COVID-19 infection affects the care of pediatric patients as a whole in many ways, so it affects participation in clinical trials. Although current data suggest that COVID-19 infection may be mild or even symptomless in pediatric patients, those who are younger or have significant medical conditions are at increased risk of developing serious infections. In addition, due to the high incidence of infectious diseases, children may contribute to the spread of COVID-19 in the community.

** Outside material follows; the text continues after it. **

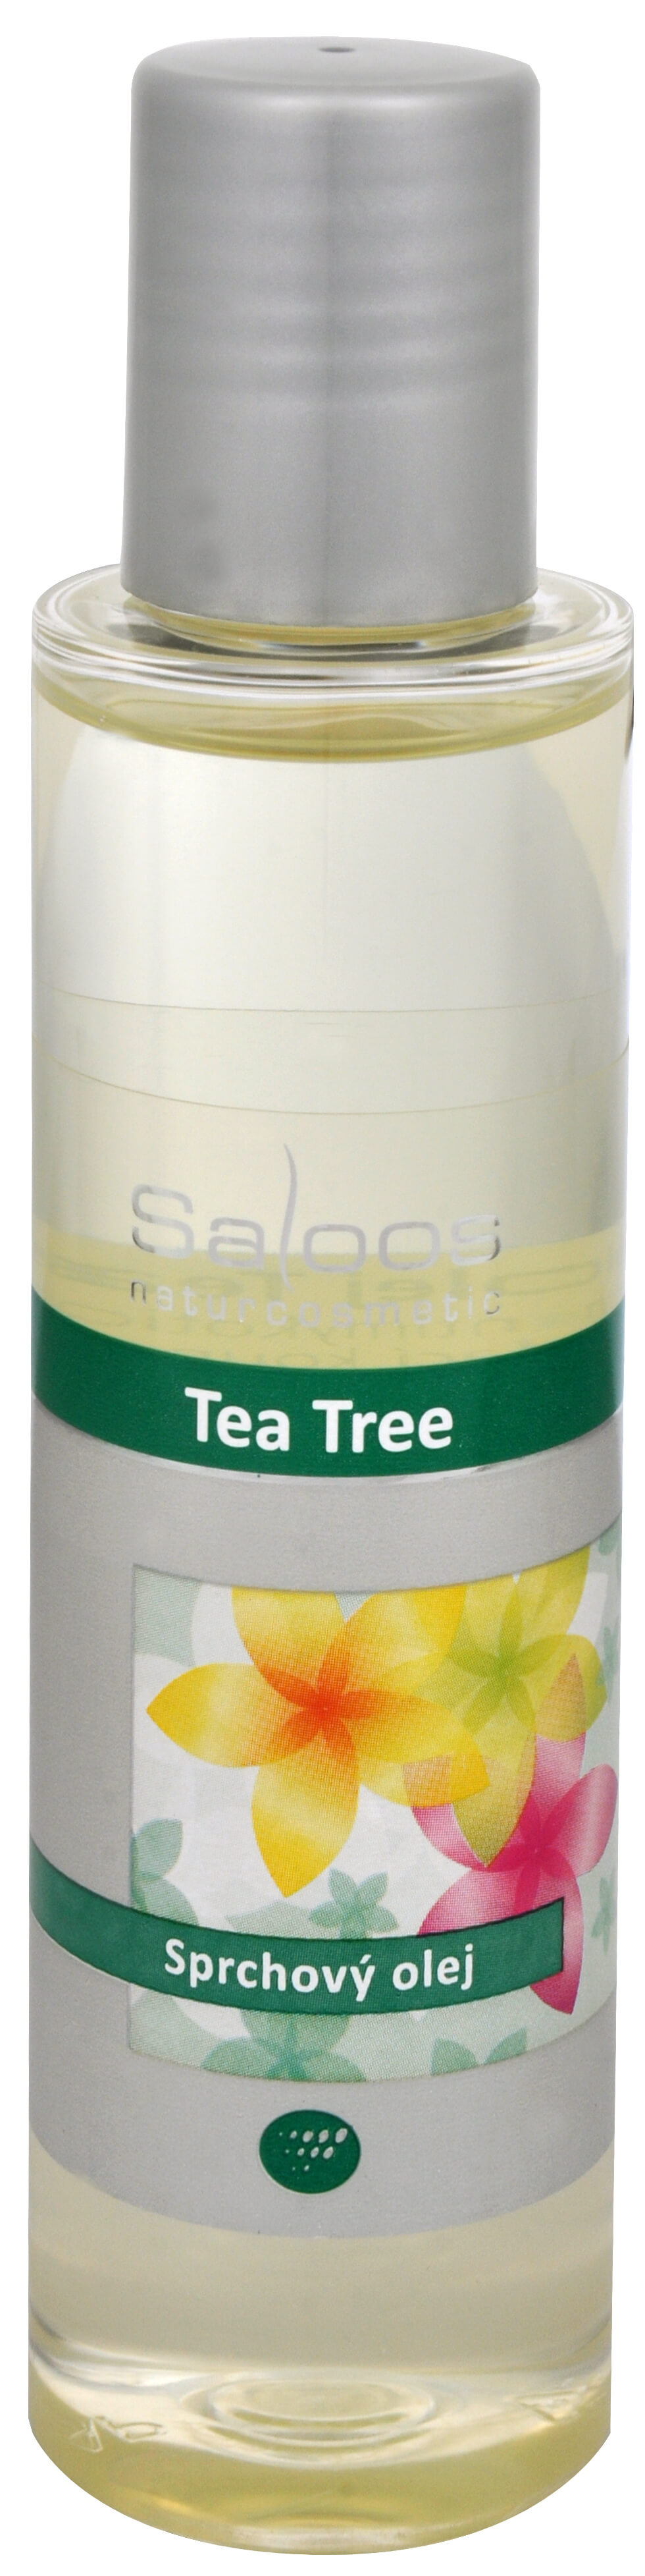 Saloos Sprchový olej - Tea Tree 125 ml + 2 mesiace na vrátenie tovaru

Depending on the expected duration of social distancing measures, child care providers should consider other voluntary options to maintain quality of care. They may need to transform the pharmaceutical industry into the development of a treatment that will make it easier for patients to self-administer at home.
This is a wonderful time for paediatricians, health researchers, and children themselves. BBMCT has comprehensive information that can add technical solutions to these tests if possible to help reduce stress.